People v Taylor |
2021 NY Slip Op 01998 |
Decided on March 31, 2021 |
Appellate Division, Second Department |
Published by New York State Law Reporting Bureau pursuant to Judiciary Law § 431. |
This opinion is uncorrected and subject to revision before publication in the Official Reports. |
Decided on March 31, 2021 SUPREME COURT OF THE STATE OF NEW YORK Appellate Division, Second Judicial Department
REINALDO E. RIVERA, J.P.
FRANCESCA E. CONNOLLY
VALERIE BRATHWAITE NELSON
LINDA CHRISTOPHER, JJ.
2018-08337
(Ind. No. 1568/16)
v
Joshua Taylor, appellant.
Thomas J. Butler, Melville, NY, for appellant.
Madeline Singas, District Attorney, Mineola, NY (Jason R. Richards and John B. Latella of counsel), for respondent.
DECISION & ORDER
Appeal by the defendant from a judgment of the Supreme Court, Nassau County (William O'Brien, J.), rendered June 12, 2018, convicting him of murder in the second degree and criminal possession of a weapon in the second degree (two counts), upon a jury verdict, and imposing sentence.
ORDERED that the judgment is reversed, on the law, and a new trial is ordered.
The defendant's contention that the evidence was legally insufficient to establish his guilt of murder in the second degree is unpreserved for appellate review (see CPL 470.05[2]; People v Dawson, 178 AD3d 719, 720). In any event, viewing the evidence in the light most favorable to the prosecution (see People v Contes, 60 NY2d 620, 621), we find that the evidence was legally sufficient to establish his guilt. Moreover, upon our independent review pursuant to CPL 470.15(5), we are satisfied that the verdict of guilt was not against the weight of the evidence (see People v Romero, 7 NY3d 633). The defendant's contention that the verdict was repugnant is unpreserved for appellate review and, in any event, without merit (see People v Green, 71 NY2d 1006, 1008).
"The purpose of a Sirois hearing is to determine whether the defendant has procured a witness's absence or unavailability through his own misconduct, and thereby forfeited any hearsay or Confrontation Clause objections to admitting the witness's out-of-court statements" (People v McCune, 98 AD3d 631, 631 [citations and internal quotation marks omitted]; see People v Sirois, 92 AD2d 618). The People must "present legally sufficient evidence of circumstances and events from which a court may properly infer that the defendant, or those at defendant's direction or acting with defendant's knowing acquiescence, threatened the witness" (People v Dubarry, 25 NY3d 161, 177). "At a Sirois hearing, the People bear the burden of establishing, by clear and convincing evidence, that the defendant has procured the witness's absence or unavailability" (People v McCune, 98 AD3d at 632).
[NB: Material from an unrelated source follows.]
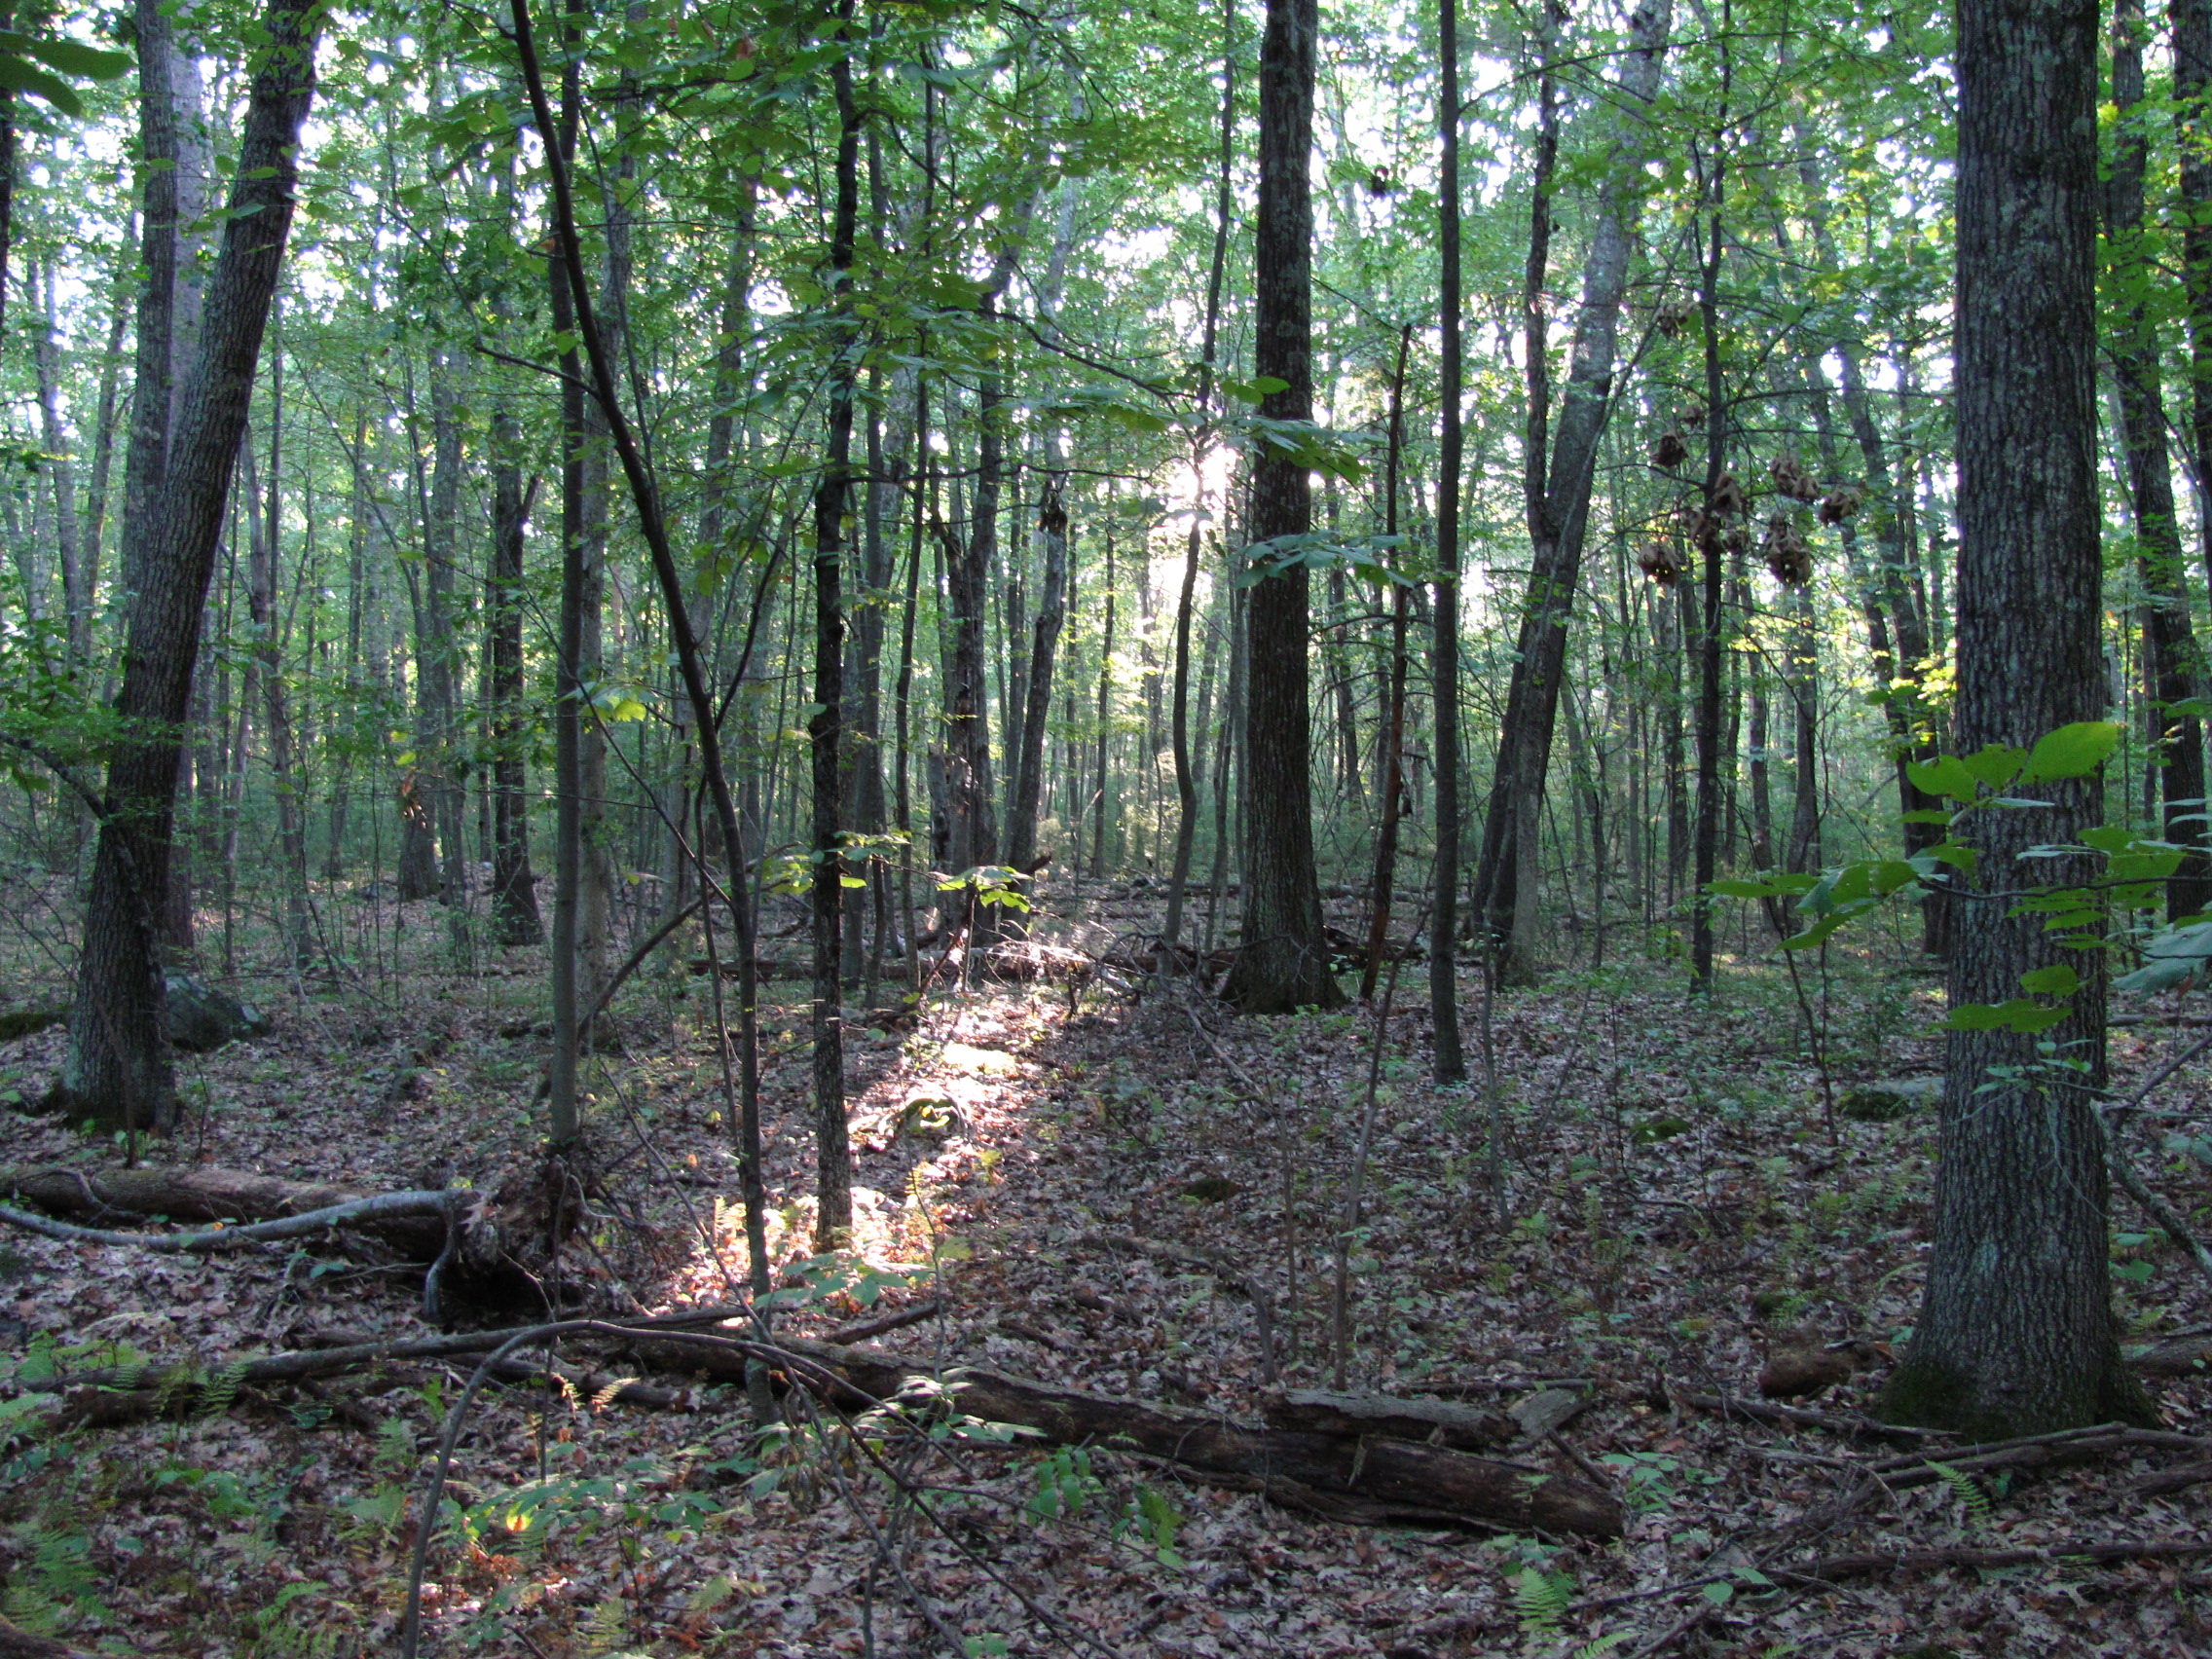 File:Estabrook Woods, Concord MA.jpg - Wikimedia Commons

Here, the People established by clear and convincing evidence that the defendant procured a certain witness's unavailability despite the fact that the witness testified that she was not afraid of the defendant (see id.). The evidence established that the defendant was one source of threats that the witness and her family received in 2016 relating to her statement to the police in this [*2]case and that the witness was refusing to testify at the defendant's trial because she was afraid that doing so would bring more threats to her and her family. Thus, the People established by clear and convincing evidence that the defendant had procured the witness's unavailability as a witness through his threats to her and her family (see People v Dubarry, 25 NY3d at 177; People v McCune, 98 AD3d at 632). Accordingly, the Supreme Court properly admitted that witness's written statement and text messages into evidence at the trial.
However, the Supreme Court committed reversible error when it permitted the People to exercise peremptory challenges to prospective jurors after the defendant and his codefendant exercised peremptory challenges to that same panel of prospective jurors (see CPL 270.15[2]; People v Nieves, 26 AD3d 519, 520). This procedure violated "the one persistently protected and enunciated rule of jury selection—that the People make peremptory challenges first, and that they never be permitted to go back and challenge a juror accepted by the defense" (People v Alston, 88 NY2d 519, 529). Accordingly, a new trial is required.
In light of our determination, the defendant's remaining contention has been rendered academic.
RIVERA, J.P., CONNOLLY, BRATHWAITE NELSON and CHRISTOPHER, JJ., concur.